*Given information*:
◇ ◇ ◇ ◇ ◇

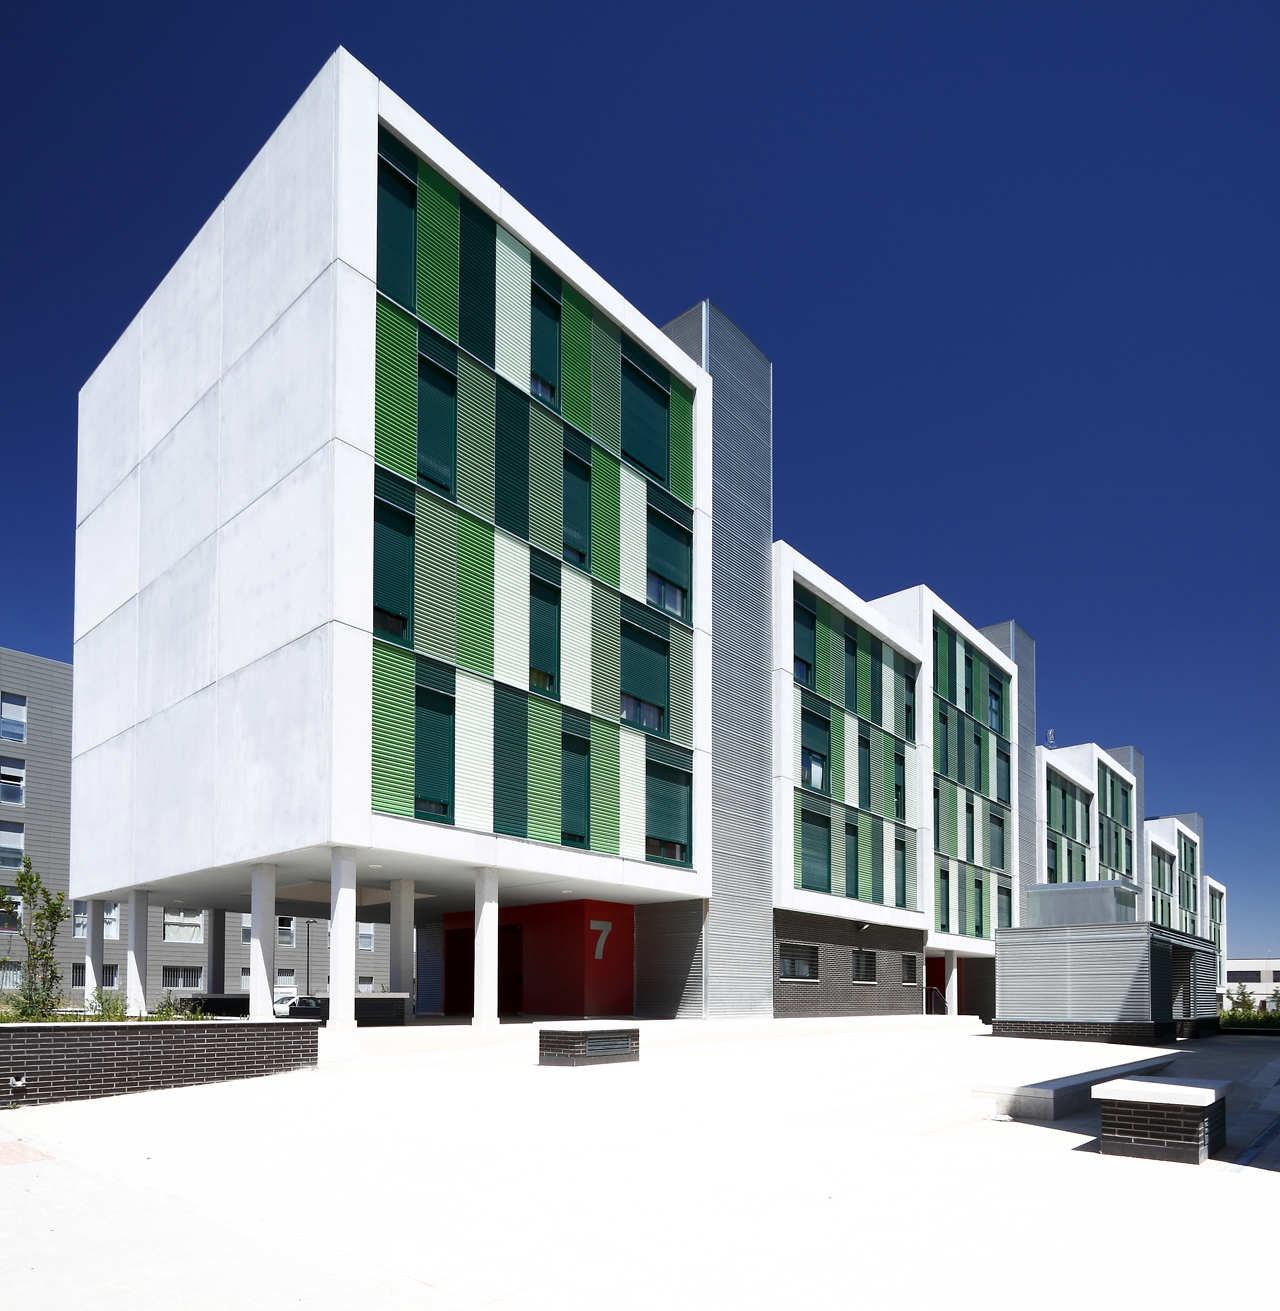 120 Social Housing In Parla / Arquitecnica, © Aitor Estevez Olaizola
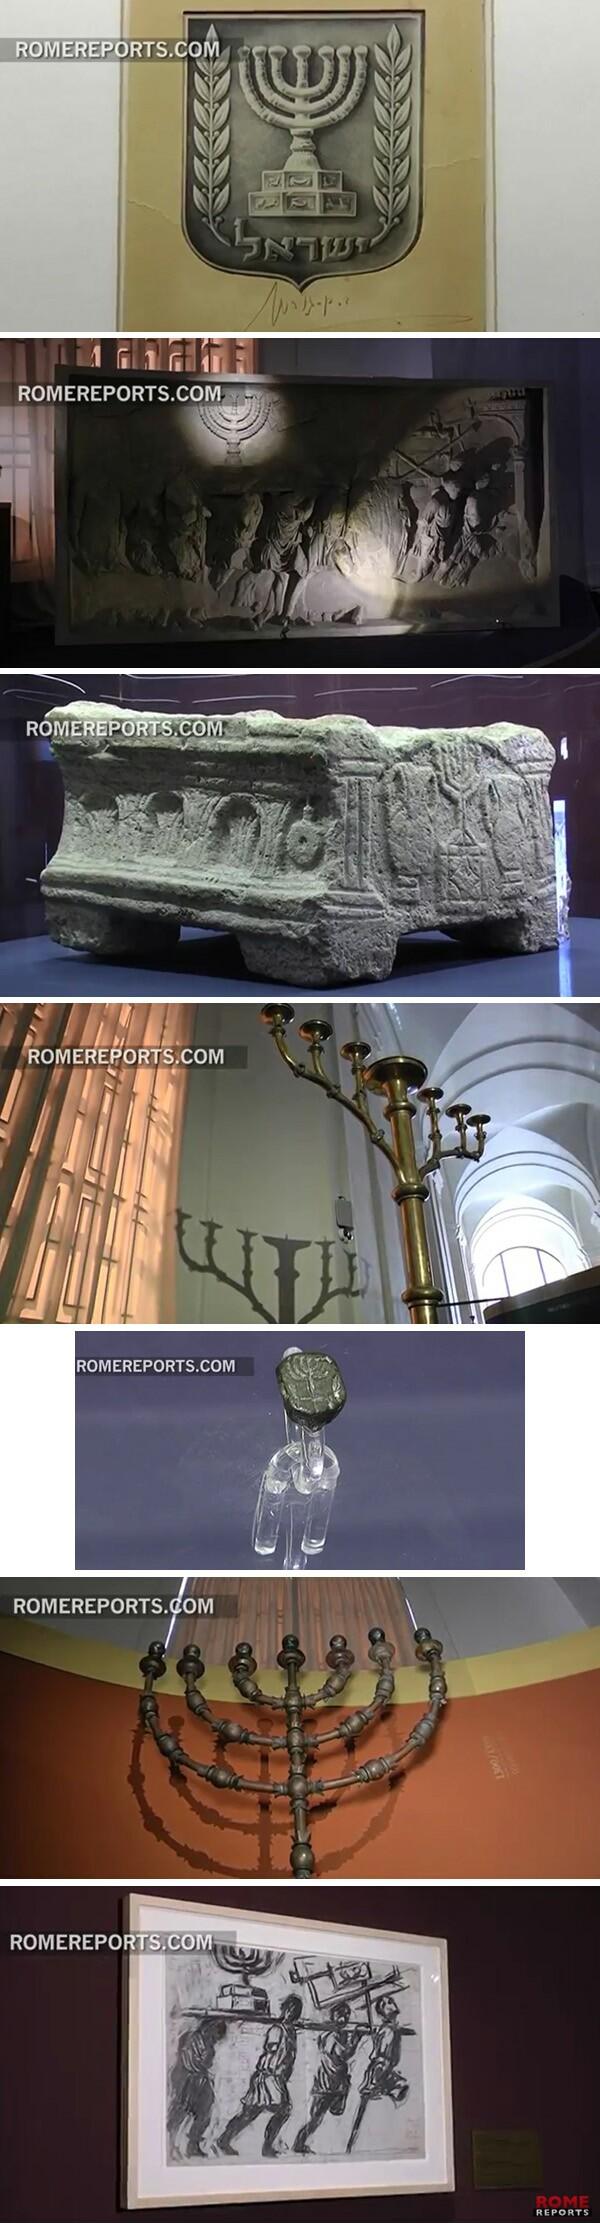 Menorah exhibit at Vatican 02
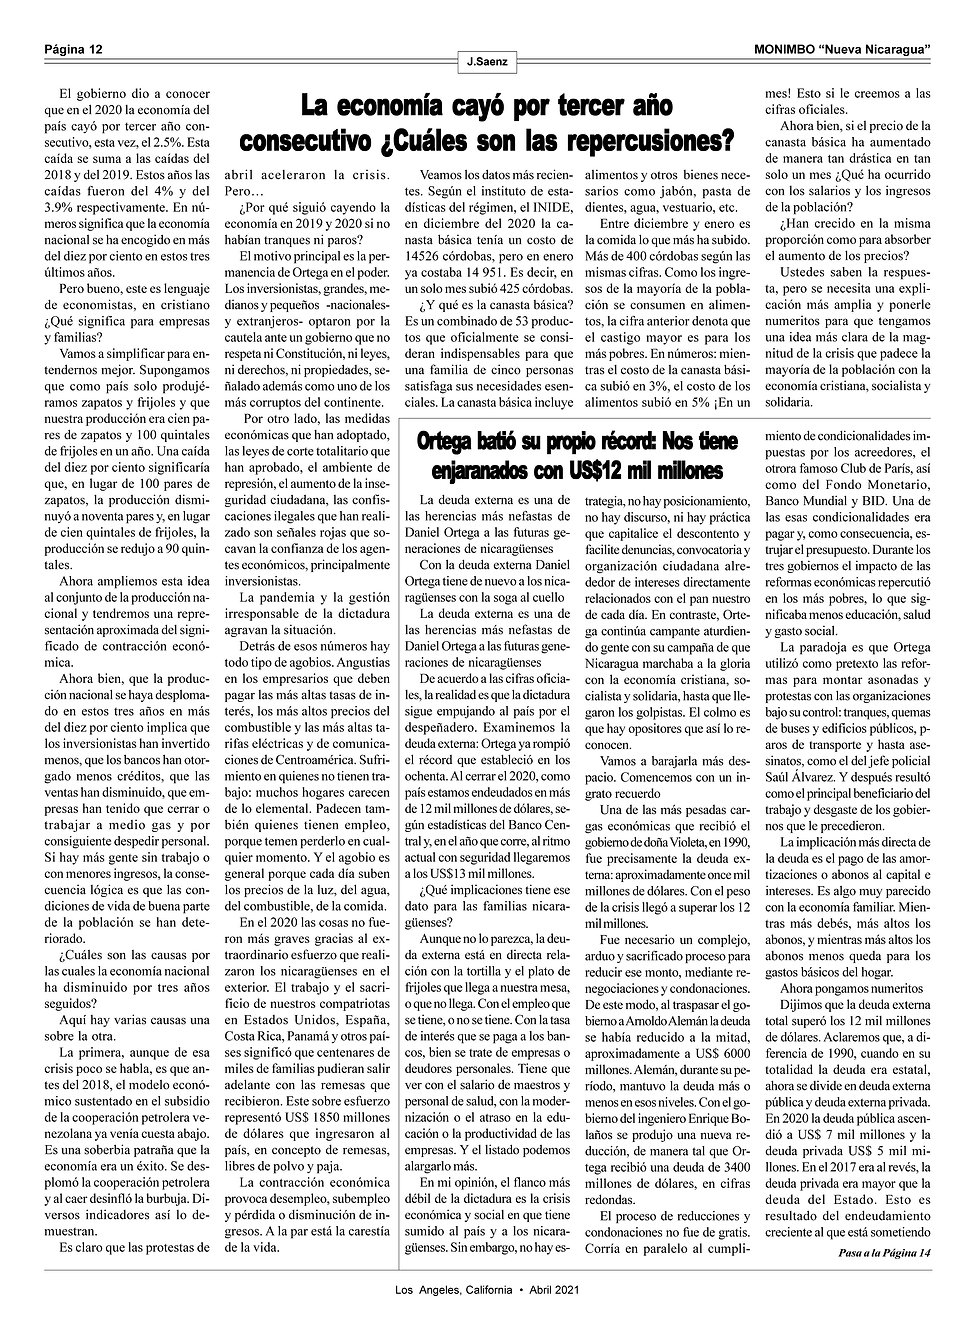 MONIMBO---04-2021---PG12.jpg

◇ ◇ ◇ ◇ ◇

*Exercise requirements*:
Output the line containing "Menorah exhibit at Vatican 02" along with every line after it to the end of the material, exactly as written, but without pictures.

*Response box*:
 Menorah exhibit at Vatican 02
 MONIMBO---04-2021---PG12.jpg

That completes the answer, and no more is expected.